I learned to hide my feelings so well, I hid them from myself; also known as dissociation. I feel ashamed when I had feelings of anger and most of my other emotions. I got the message loud and clear there was something wrong with me.  I was damaged, faulty, making mistakes, stupid and the list of things that I was went on and on and on.  No doubt in my mind there was something wrong with me.  Then came counseling.  Trying to undo all this brainwashing crap took time and effort, I am a work in progress.  I am still working out that my feelings are important and valid; most importantly I was just a little kid tried to cope in a bizarre situation.  I want this article to go back to and review again how I am doing at recognizing what is my responsibility and what was shoved off to me by my abusers.  Kind of difficult when they feelings feel so similar.  I finally hit on the idea of whose problem is it, and who has control of the out come.  If it is me, then I need to pay attention to those feelings of guilt so I can apologize and work towards better relationships.  If it is their responsibility, time to strength my boundaries and clarify that they can't treat me like that.  It is definitely a work in progress. 

Monday, June 15, 2020

You Tube helper

Ever wish there was someone you could ask Fix it questions without emotional baggage or lectures?  A friend posted an article about this guy that has done that.  Yes, there are Dad jokes.  Its ok.  He has his own You Tube channel and he shares how to do basic fixes around the house, yard and car.  This is information I learned the hard way with a husband that was on the road for his job most of the week.  If the toilet stopped working on Monday, I couldn't wait until Friday for him to fix it.  Yes, I know how to replace the chain on a toilet.

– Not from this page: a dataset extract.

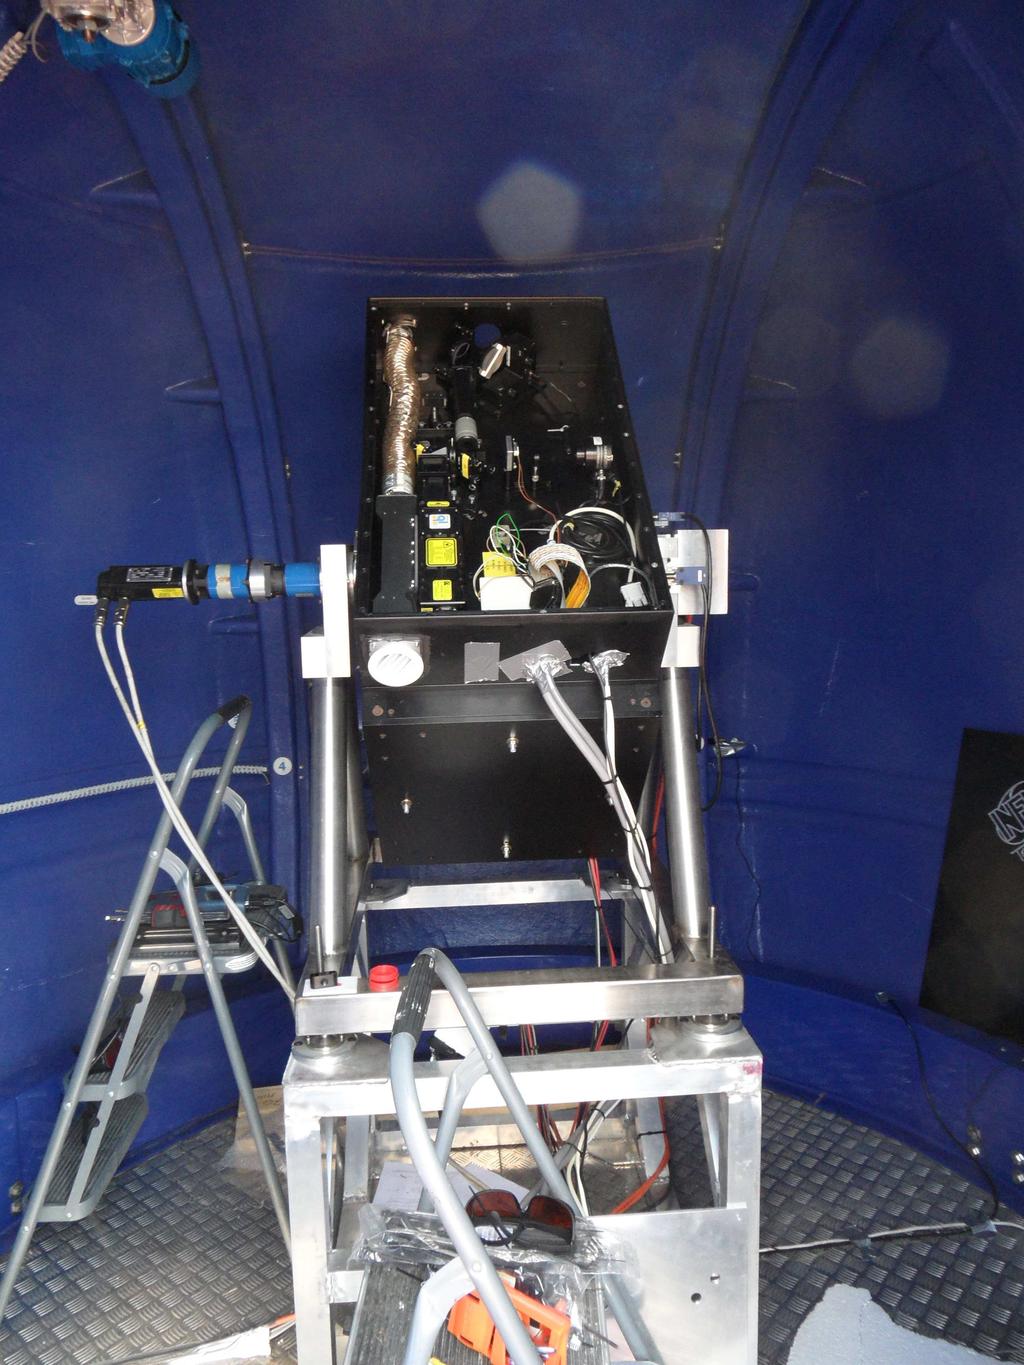 Figure 4: The ARCADE Lidar system. The black box includes the laser bench, primay mirror and receiver. The steering mechanism is visible. The system is located inside the astronomical dome.

If this doesn't interest you, no problem.  But I figured for someone out there some where this might be helpful. 

Thursday, June 11, 2020

A favorite of mine

Two tissue true story....when it first went around I tracked down the original. 

My question is: Would you have made the same choice?

At a fundraising dinner for a school that serves children with learning disabilities, the father of one of the students delivered a speech that would never be forgotten by all who attended. After extolling the school and its dedicated staff, he offered a question:
'When not interfered with by outside influences, everything nature does is done with perfection.
Yet my son, Shay, cannot learn things as other children do. He cannot understand things as other children do.
Where is the natural order of things in my son?'
The audience was stilled by the query.

The father continued. 'I believe that when a child like Shay, who was mentally and physically disabled comes into the world, an opportunity to realize true human nature presents itself, and it comes in the way other people treat that child.'

Then he told the following story:

Shay and I had walked past a park where some boys Shay knew were playing baseball. Shay asked, 'Do you think they'll let me play?' I knew that most of the boys would not want someone like Shay on their team, but as a father I also understood that if my son were allowed to play, it would give him a much-needed sense of belonging and some confidence to be accepted by others in spite of his handicaps.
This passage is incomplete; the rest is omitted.